Innovation Landing’s two buildings will offer, in total, 19 studio apartments ranging from 250 to 498 square feet, 30 one-bedroom units with floors areas of 574 to 760 square feet, a pair of two-bedroom apartments that are 1,050 and 1,124 square feet, plus a 1,379-square-foot, three-bedroom apartment, plans show.
Ground-floor amenities in 1849 Prospect include a front lobby with a recreation area, the retail/commercial space, a multi-purpose/yoga room, two bathrooms, a quiet study, mail lobby and parcel storage, bike storage, tenant office and building mechanicals. There are also three apartments on its first floor.

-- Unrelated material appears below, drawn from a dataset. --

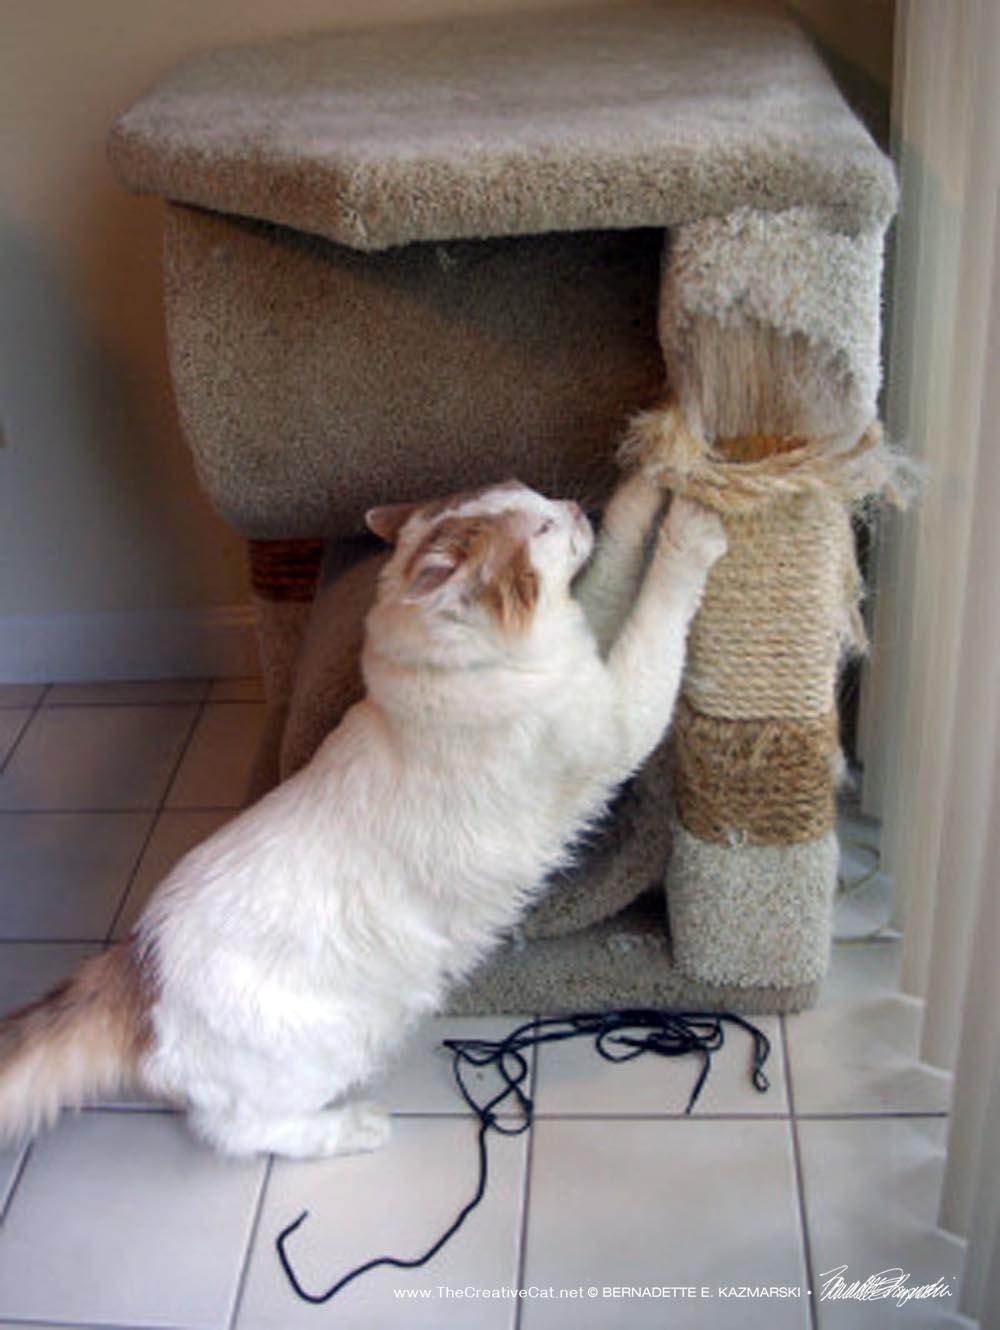 Scruffy and his scratching post by the door.

Terra cotta details on the façade of 1835 Prospect Ave. are visible in this close-up. The brick building at right with the flag is 1849 Prospect. The buildings were recently rated to be in good to very-good condition by Cuyahoga County appraisers (Google).
“Student housing is an integral part of the neighborhood’s redevelopment and we’re supportive of efforts that bring more to the market,” said Mark Lammon, executive director of the Campus District Inc., a community development corporation.
This latest redevelopment is just west of a similar project called Prospect Yard, 1937 Prospect, in which Woda Cooper Cos. converted the 1917-built Stuyvesant Motor Co. Building into 42 affordable apartments. That development opened to residential tenants in December 2019.
CSU is undertaking a campus development masterplan to look at everything from educational, athletic and parking facilities as well as new housing. The university has hired Boston-based Sasaki Associates Inc. to assist its masterplan efforts. As part of its desire for more housing, CSU is reportedly considering acquiring The Edge and The Langston apartment complexes.
Tyler Kapusta contributed to this article.